La presentamos en las Jornadas de Talamochita. La crítica la hizo bolsa. La tildaron de pretensiosa, de intelectual, de perversa. Supongo que era básicamente aburrida. La escena más vituperada, la que más molestó, es quizá mi preferida. Promediando el último acto, los Glauben están torturando a Gauchesca (al termino de estas sesiones ella quedará convertida en una imágen más de la santería). Su cuerpo yace sobre una mesa de carpintero. En realidad su cuerpo es ahora un motor de cuatro cilindros sujeto a una morsa. Los hermanos están en plena faena, sudorosos, en camiseta: dos mecánicos concentrados en rectificar la maquinaria. Albert, el más compungido, sin duda atizado por el arrepentimiento, le comenta a su hermano que, por suerte, ésta no es la única.

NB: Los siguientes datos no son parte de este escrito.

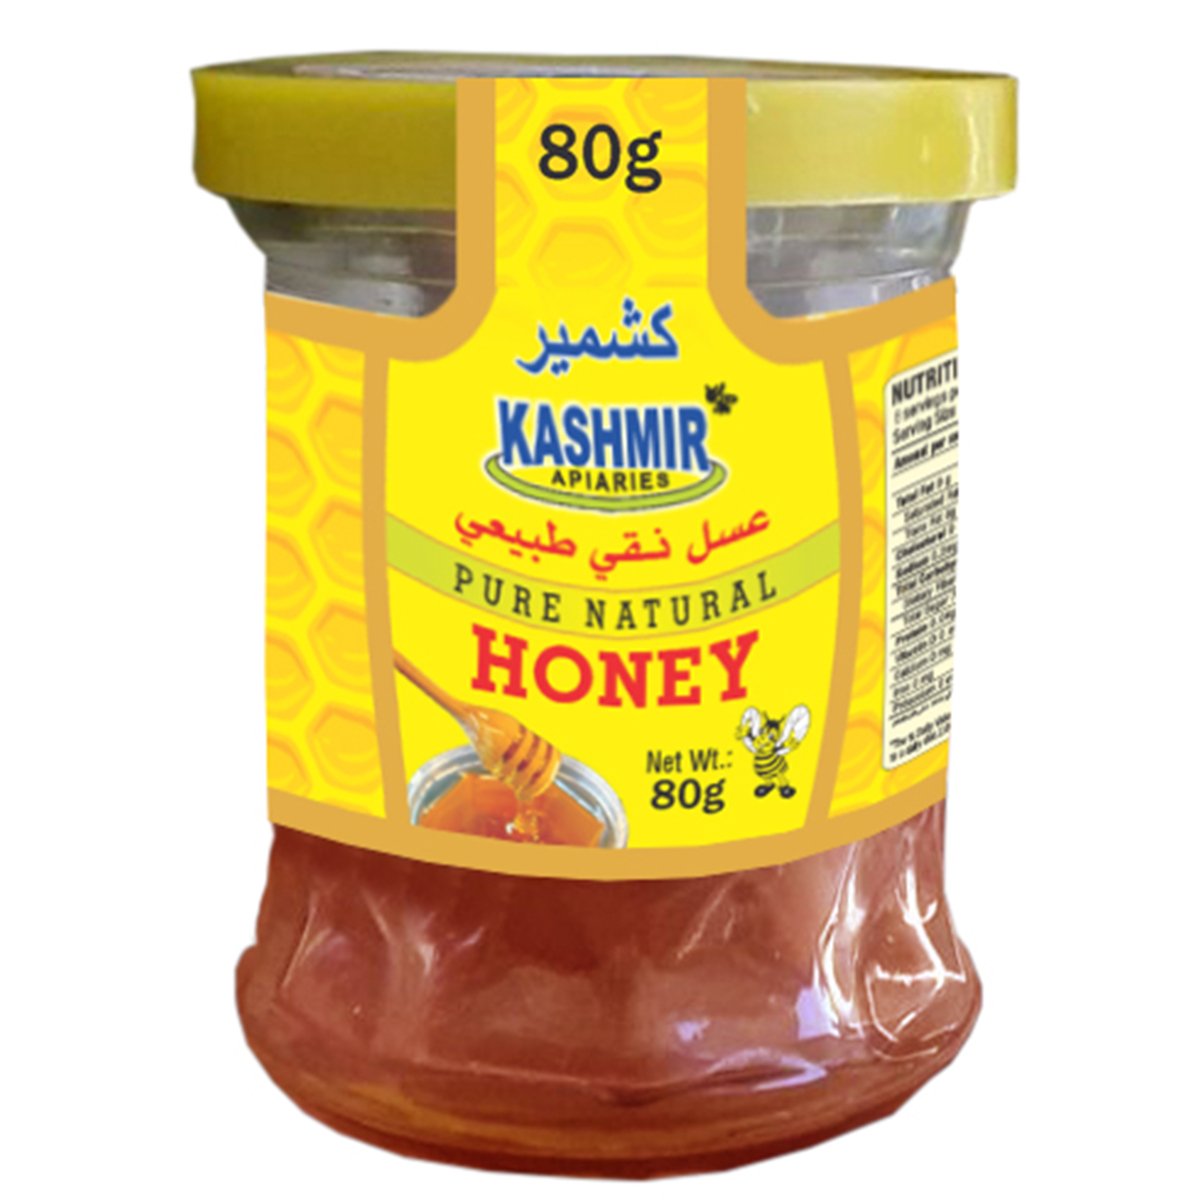 Buy Kashmir Pure Natural Honey 80g Online at Best Price | Honey | Lulu Kuwait in Kuwait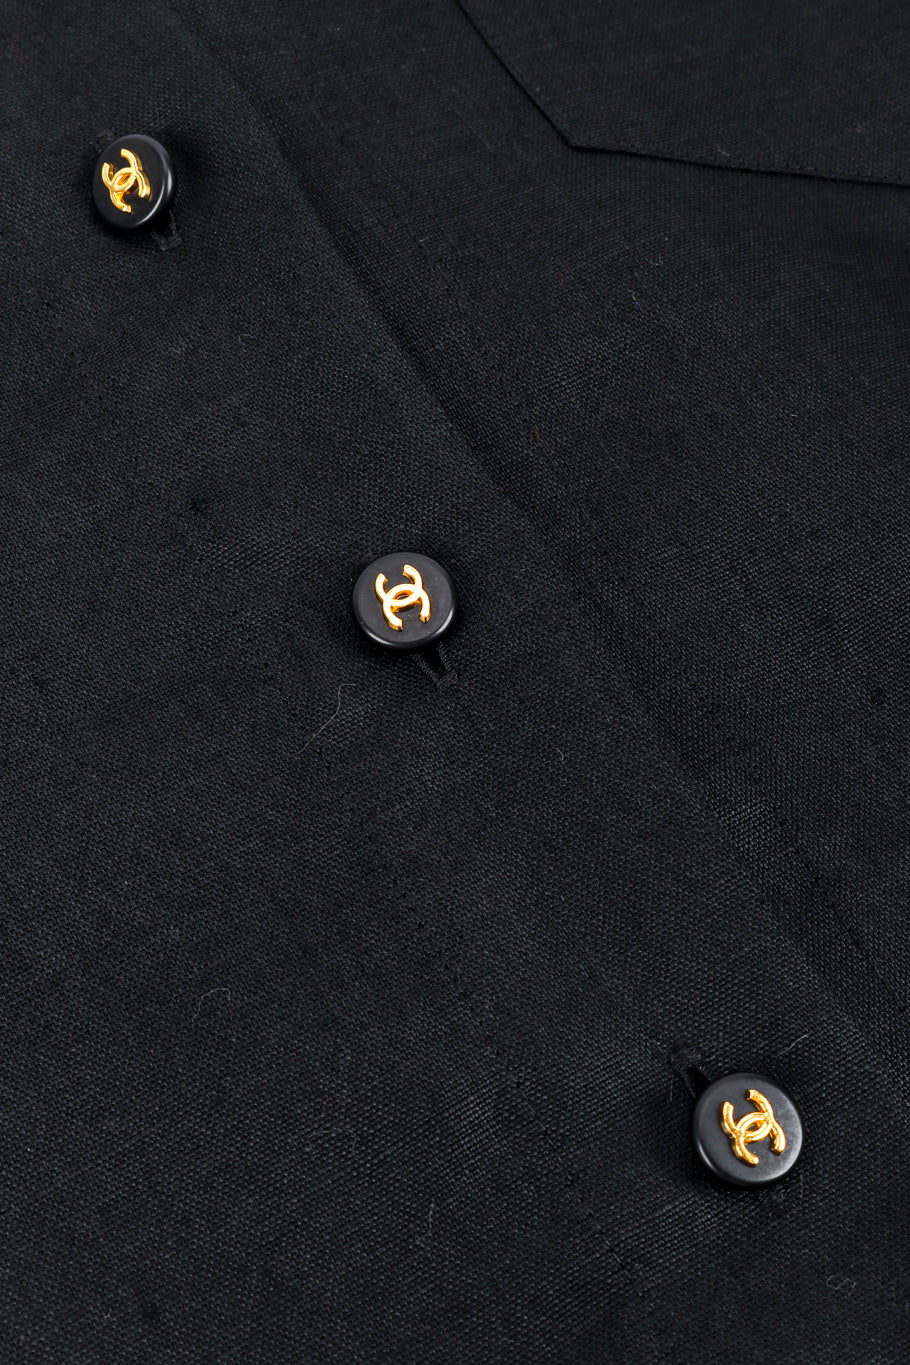 Vintage Chanel CC Button Linen Shirt front button closure closeup @recessla

-¿Hay más Gauchescas? -le pregunta Teo malhumorado. Entonces Albert le explica que existen otras realidades paralelas, vaya a saber cuántas, que ésta no es la única, y que en alguna de ellas, seguramente, ellos nunca la conocieron, o bien sí pero no le dieron ni cinco de pelota o la trataron, aunque sin hacerle daño... Teo lo interrumpe para pedirle que por favor se calle, que no diga más pavadas, que por supuesto no hay tal cosa, que la realidad es singular y es la hembra más solitaria que existe: una pobre Casandra que vemos y oímos siempre deformada. La visión contrahecha que cada uno tiene de ella es la única realidad paralela, o perpendicular u oblicua.
-No quiero discutir con vos, Teo, nunca vamos a ponernos de acuerdo.
-Porque no me escuchás... Estoy seguro que no me escuchás. Al menos yo a vos nunca te escucho.